In case you are utilizing Spring’s HealthIndicator be sure no matter you’re reporting this well being to can “learn” the response, as a result of you may add all the small print on this planet in there and report any state and the response code might be 200. If the orchestration or different system solely depends on you replying OK for wholesome and 5XX for non-healthy, then be sure so as to add this config:

well being:
UP: 200
DOWN: 503 // or no matter suits

Client lag is virtually the distinction between the final dedicated offset from a client group and the final out there for learn offset. If the speed of manufacturing of information far exceeds the speed at which it’s consumed or the patron is having a difficulty processing the incoming messages, the patron group will lag.

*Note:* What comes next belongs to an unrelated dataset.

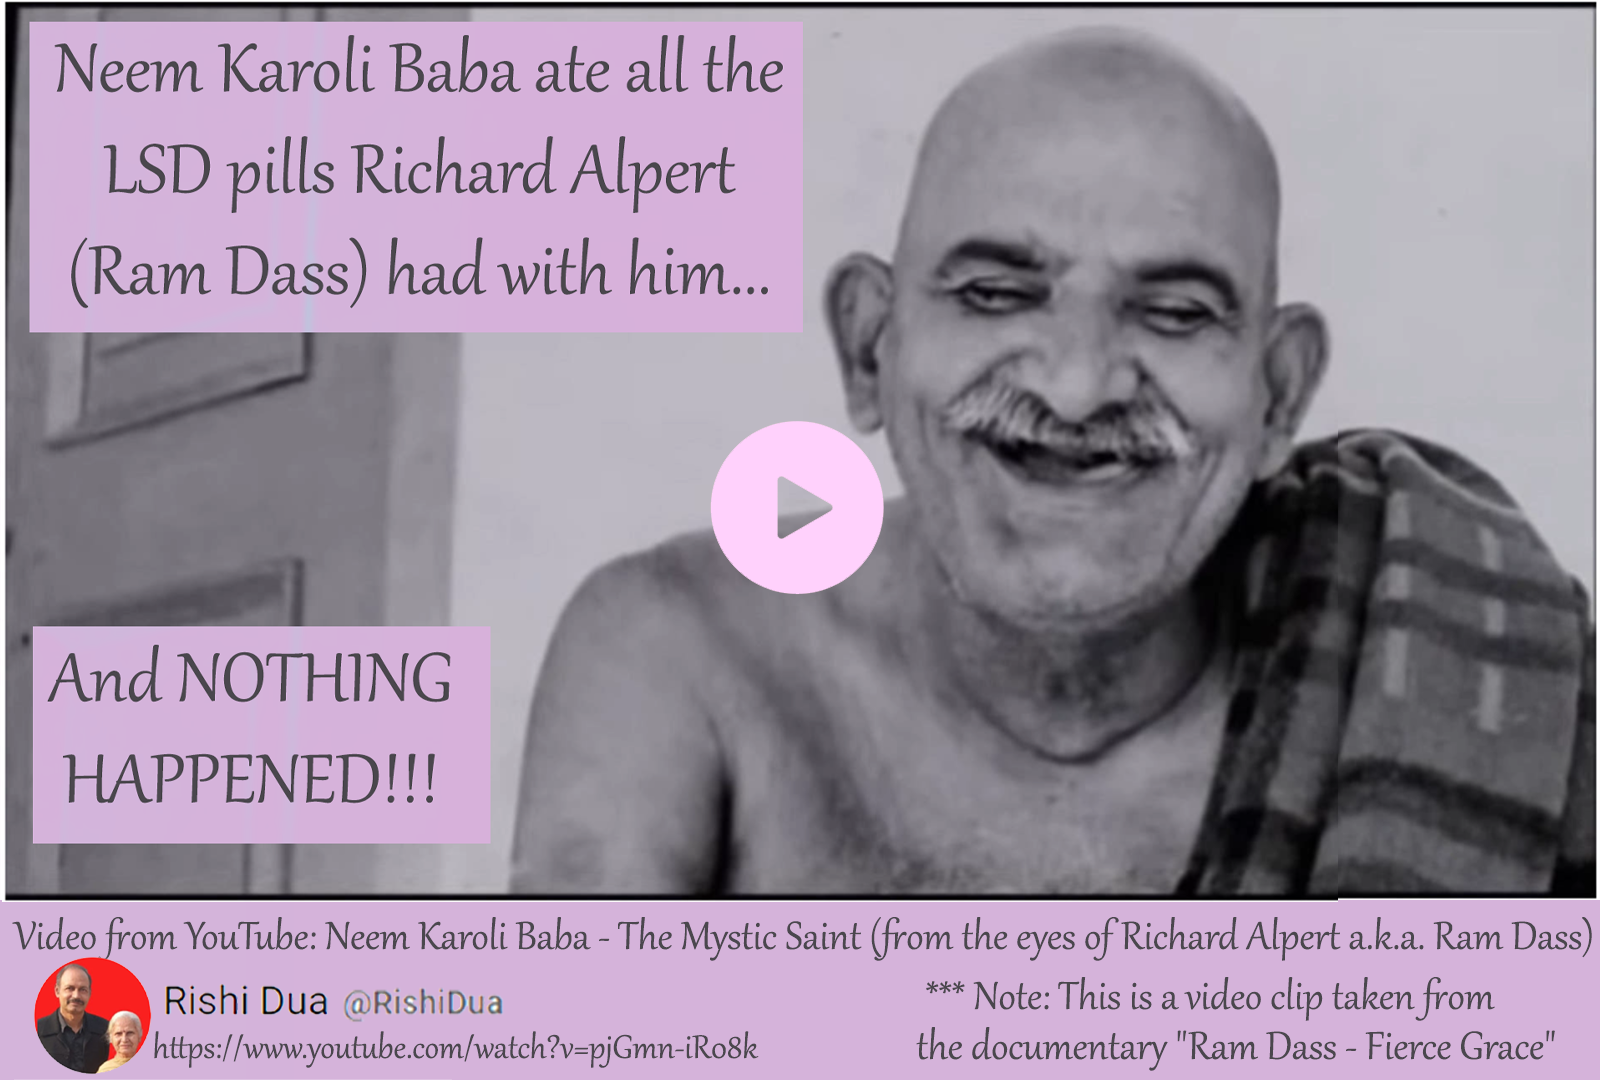 Ram Dass on Neem Karoli Baba eating LSD
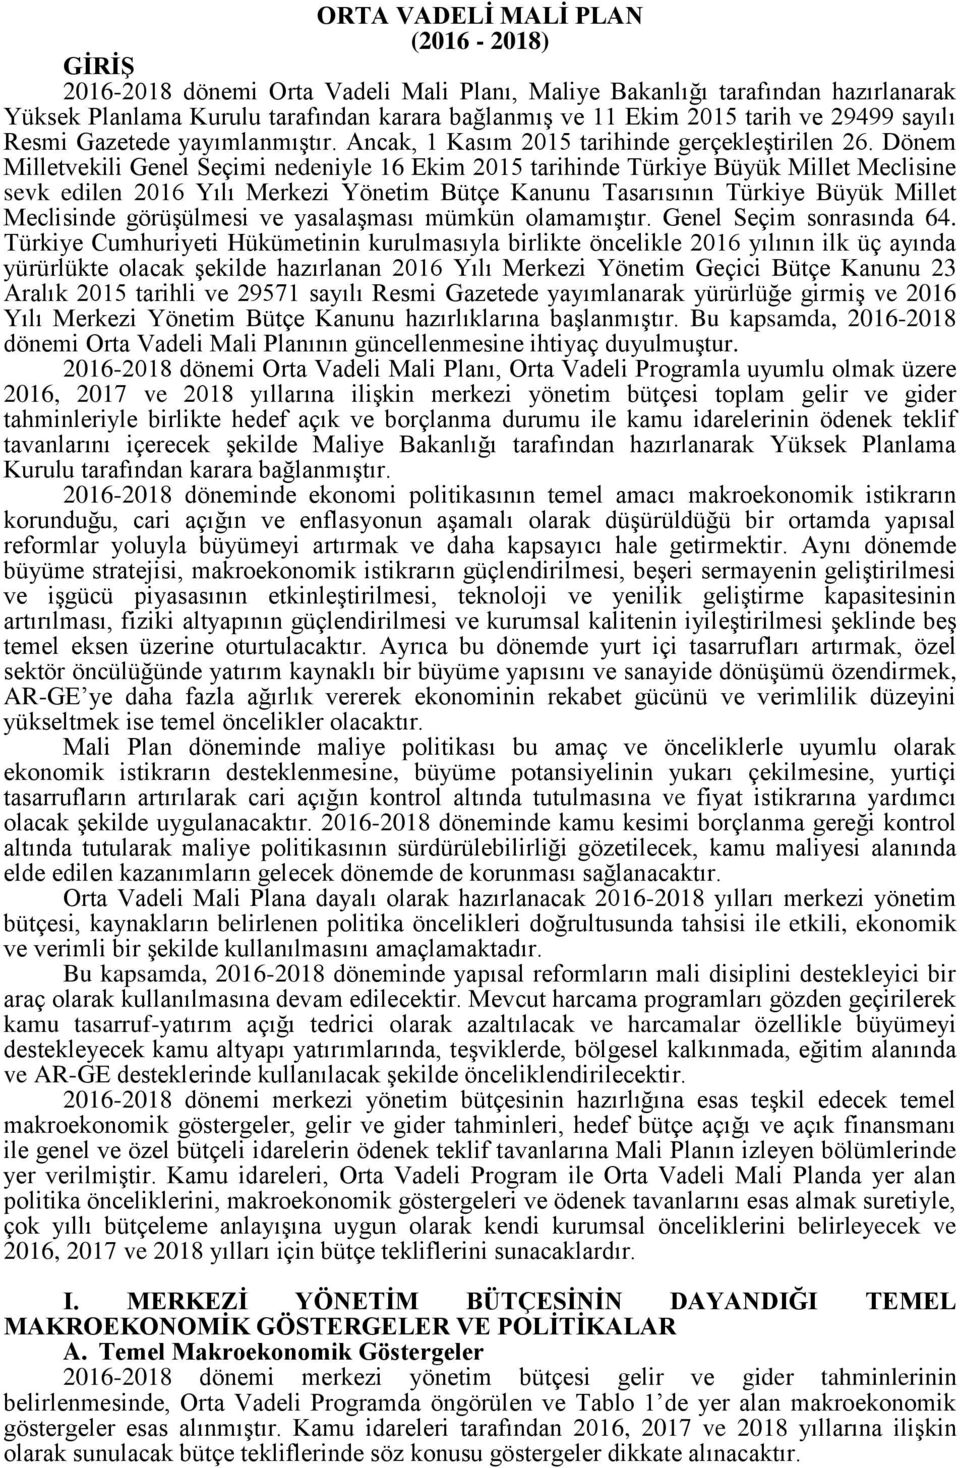 Dönem Milletvekili Genel Seçimi nedeniyle 16 Ekim 2015 tarihinde Türkiye Büyük Millet Meclisine sevk edilen 2016 Yılı Merkezi Yönetim Bütçe Kanunu Tasarısının Türkiye Büyük Millet Meclisinde

This can be utilized as a efficiency indicator. When you’ve got agreed on an SLO (Service Stage Goal) for the pace at which information ought to arrive from supply to vacation spot and it’s not being met, then a fast take a look at the patron lag alert or dashboard will inform you which app within the pipeline is the responsible participant.

One other potential use case is if in case you have a sudden inflow of information that the purposes will not be designed to deal with in a well timed method. This could be to do with the seasonality or one of many companies being the seasonality of the enterprise or it being affected by a one-off occasion. In these instances, if not deliberate for, you’ll discover a spike within the lag graph and also you may must manually change the configuration and scale your shoppers within the affected teams.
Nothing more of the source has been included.